### WORK ORDER
Give all of the data again exactly as written, omitting every image.

### DATASET SECTION
##########

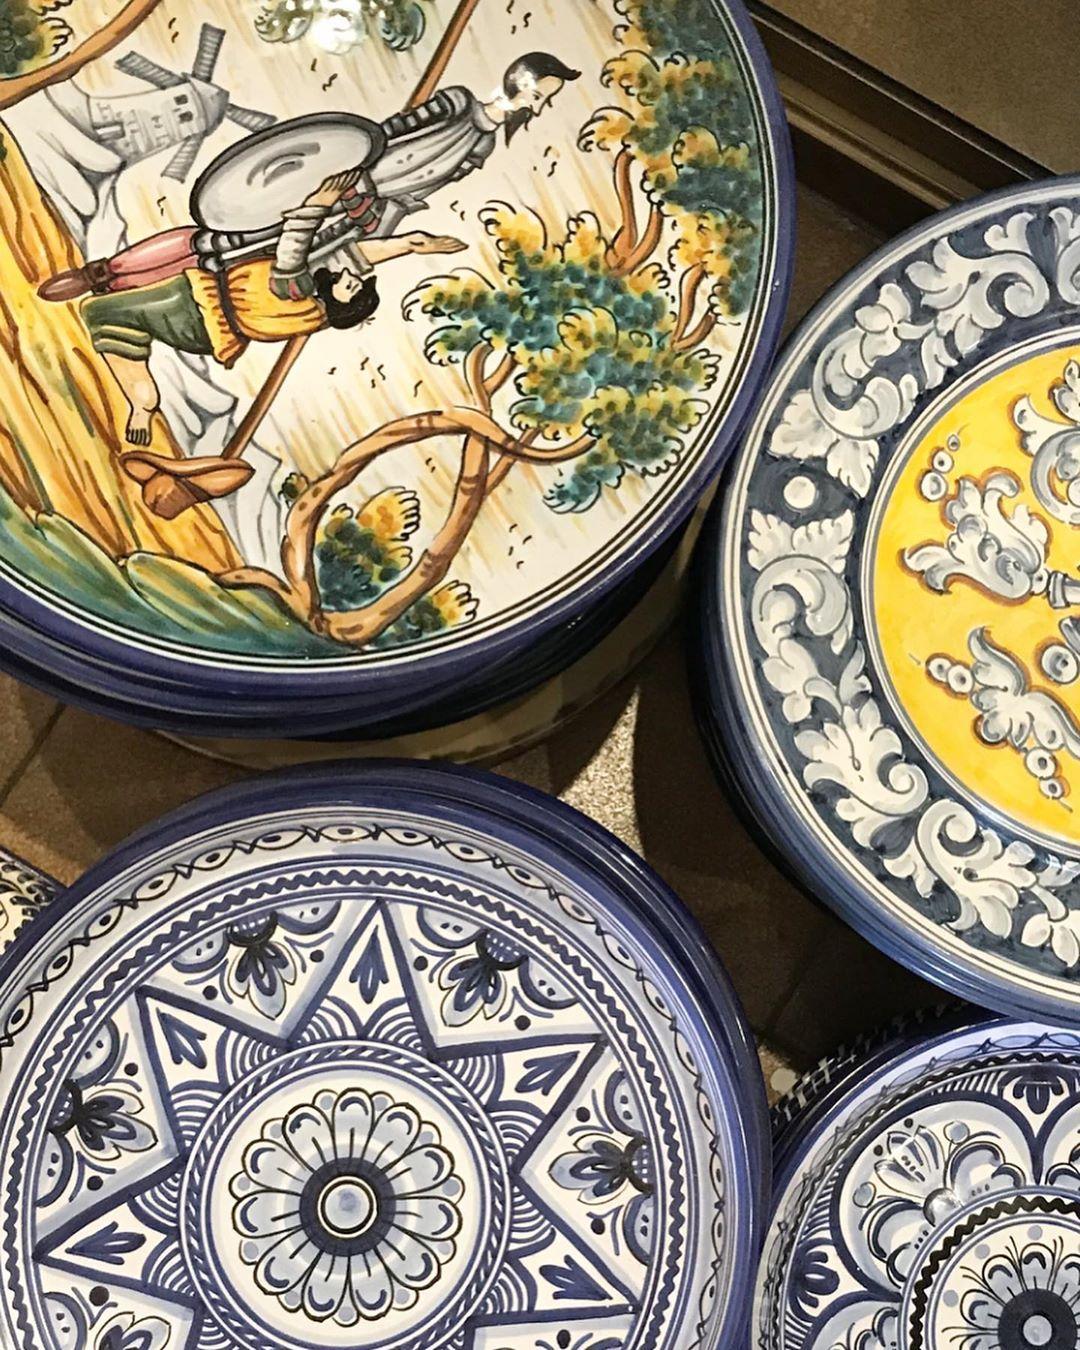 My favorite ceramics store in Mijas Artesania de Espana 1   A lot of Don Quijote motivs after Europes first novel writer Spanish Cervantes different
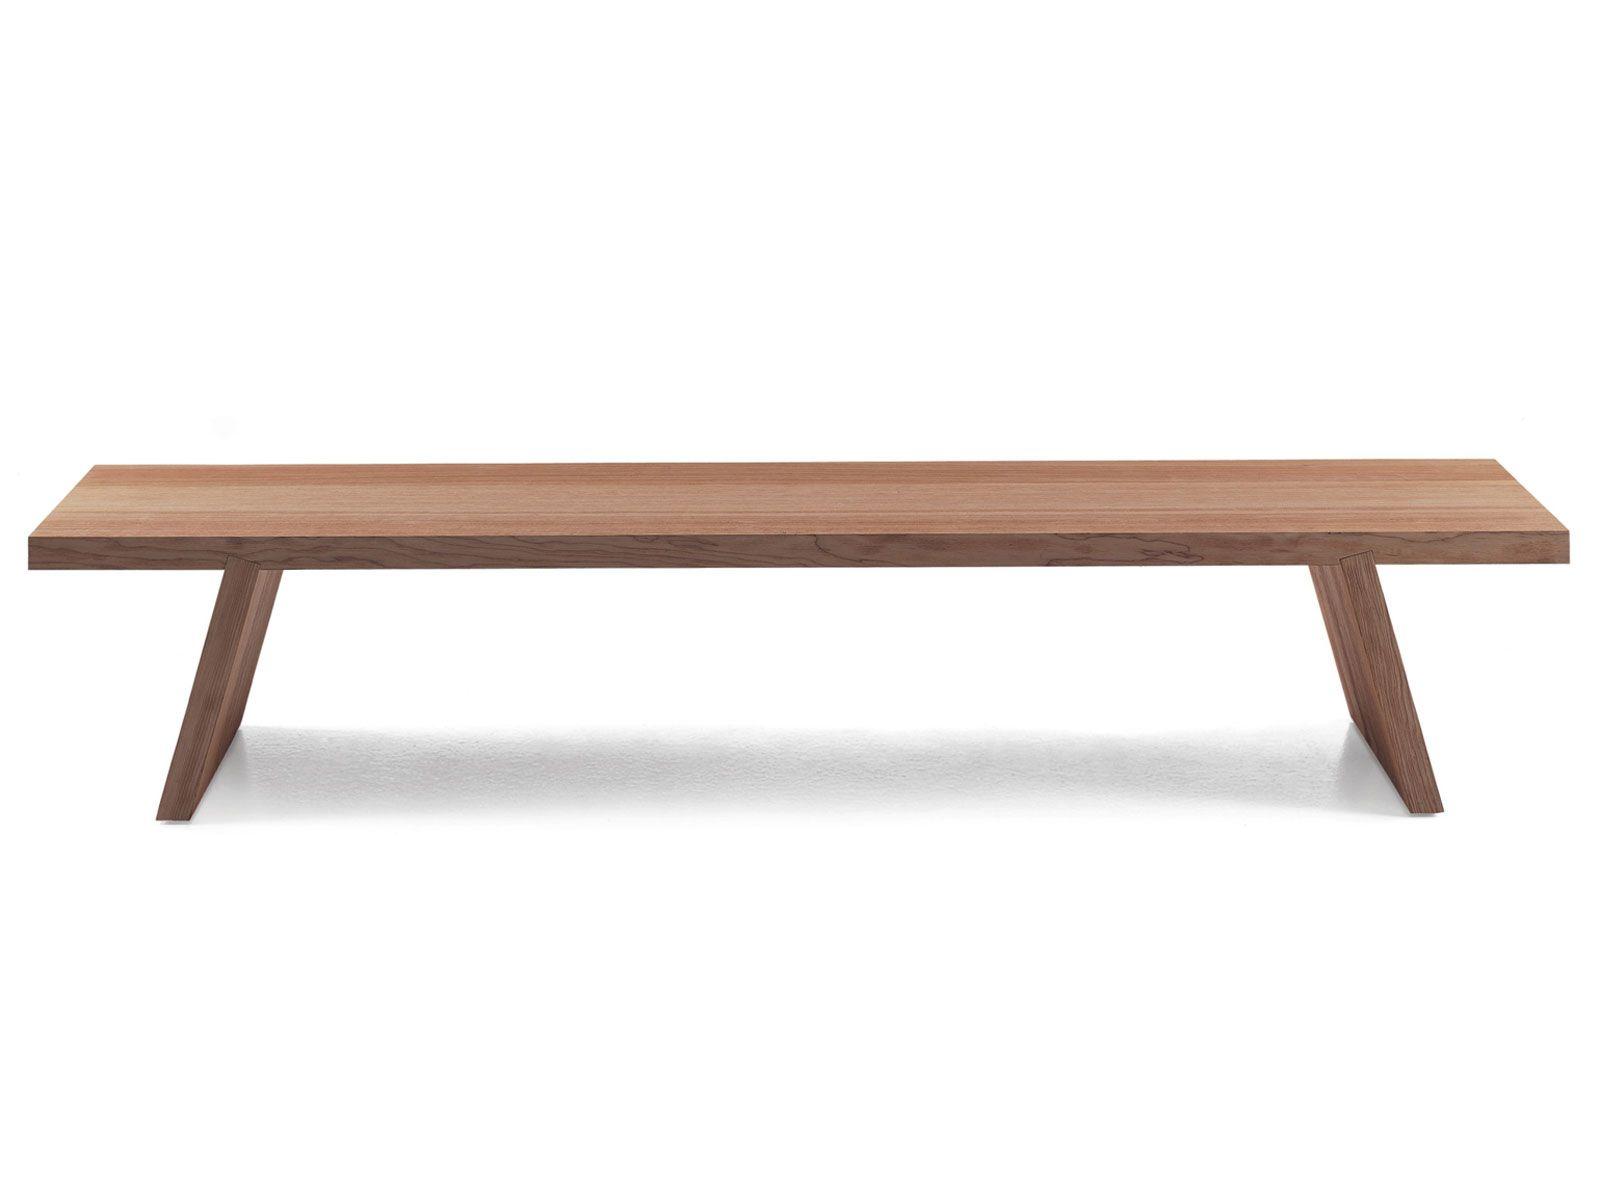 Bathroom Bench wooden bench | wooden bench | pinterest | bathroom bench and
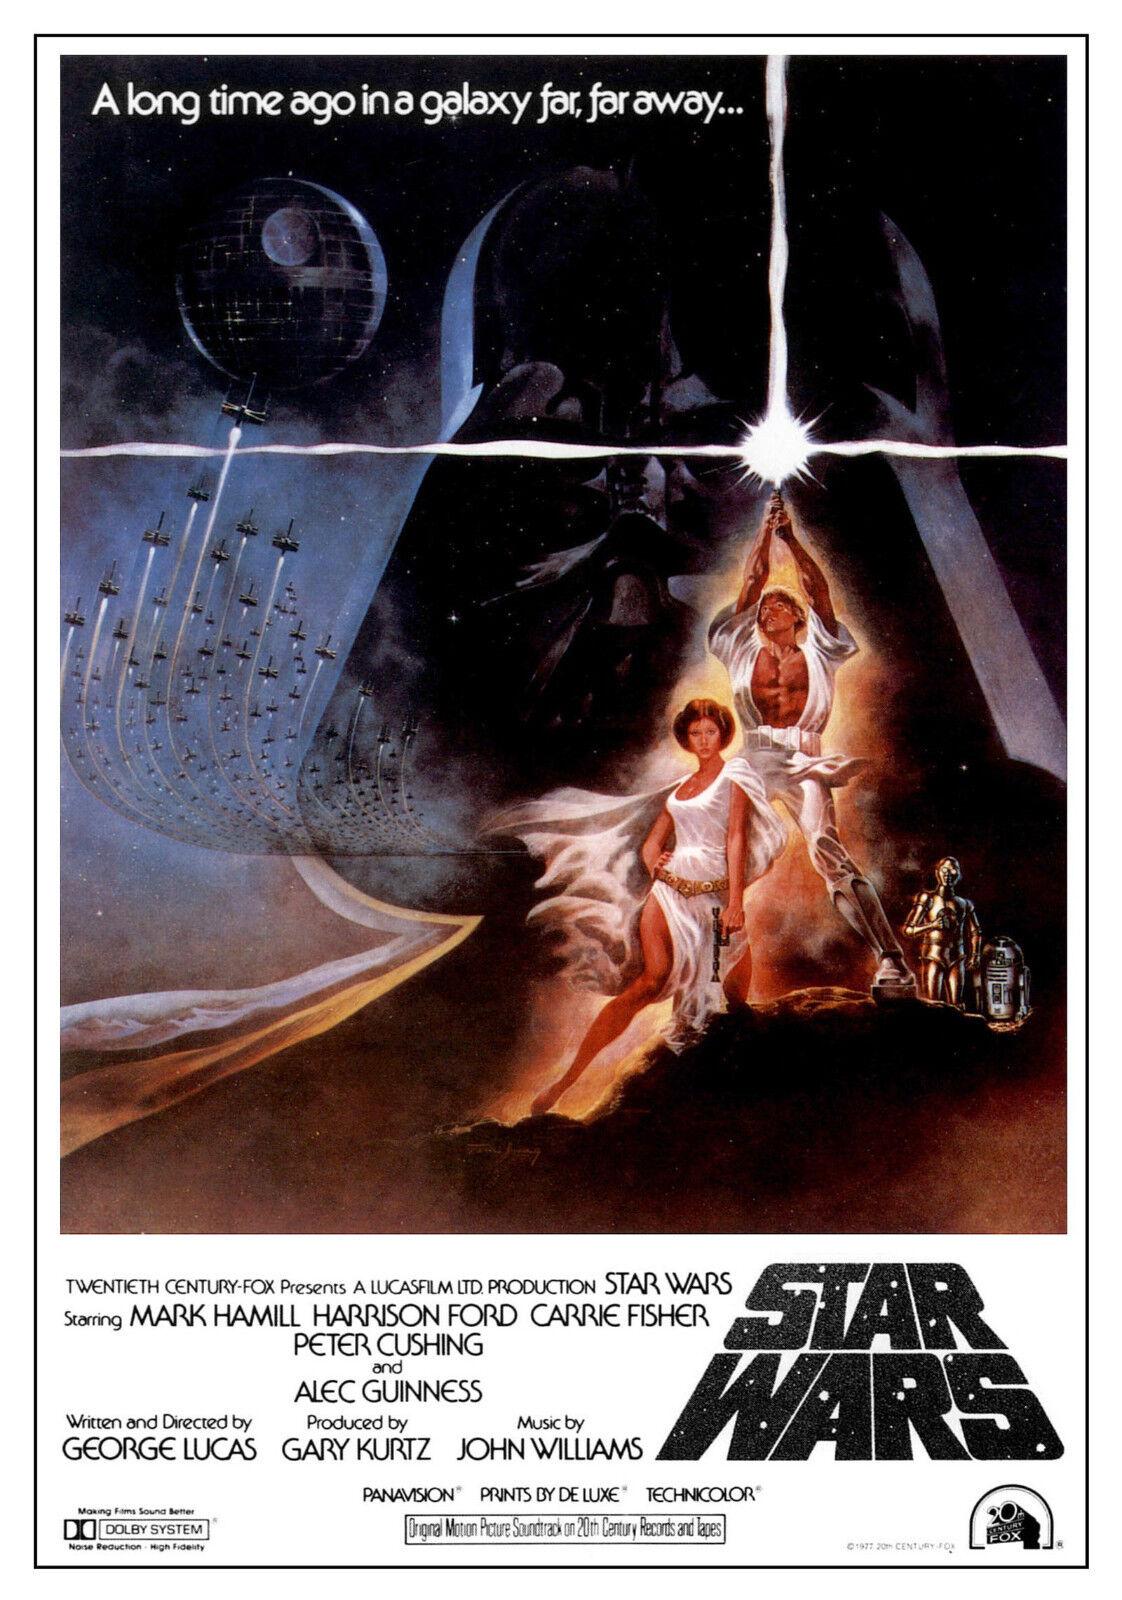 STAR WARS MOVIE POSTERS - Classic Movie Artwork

##########

### EXPECTED ANSWER
 My favorite ceramics store in Mijas Artesania de Espana 1   A lot of Don Quijote motivs after Europes first novel writer Spanish Cervantes different
 Bathroom Bench wooden bench | wooden bench | pinterest | bathroom bench and
 STAR WARS MOVIE POSTERS - Classic Movie Artwork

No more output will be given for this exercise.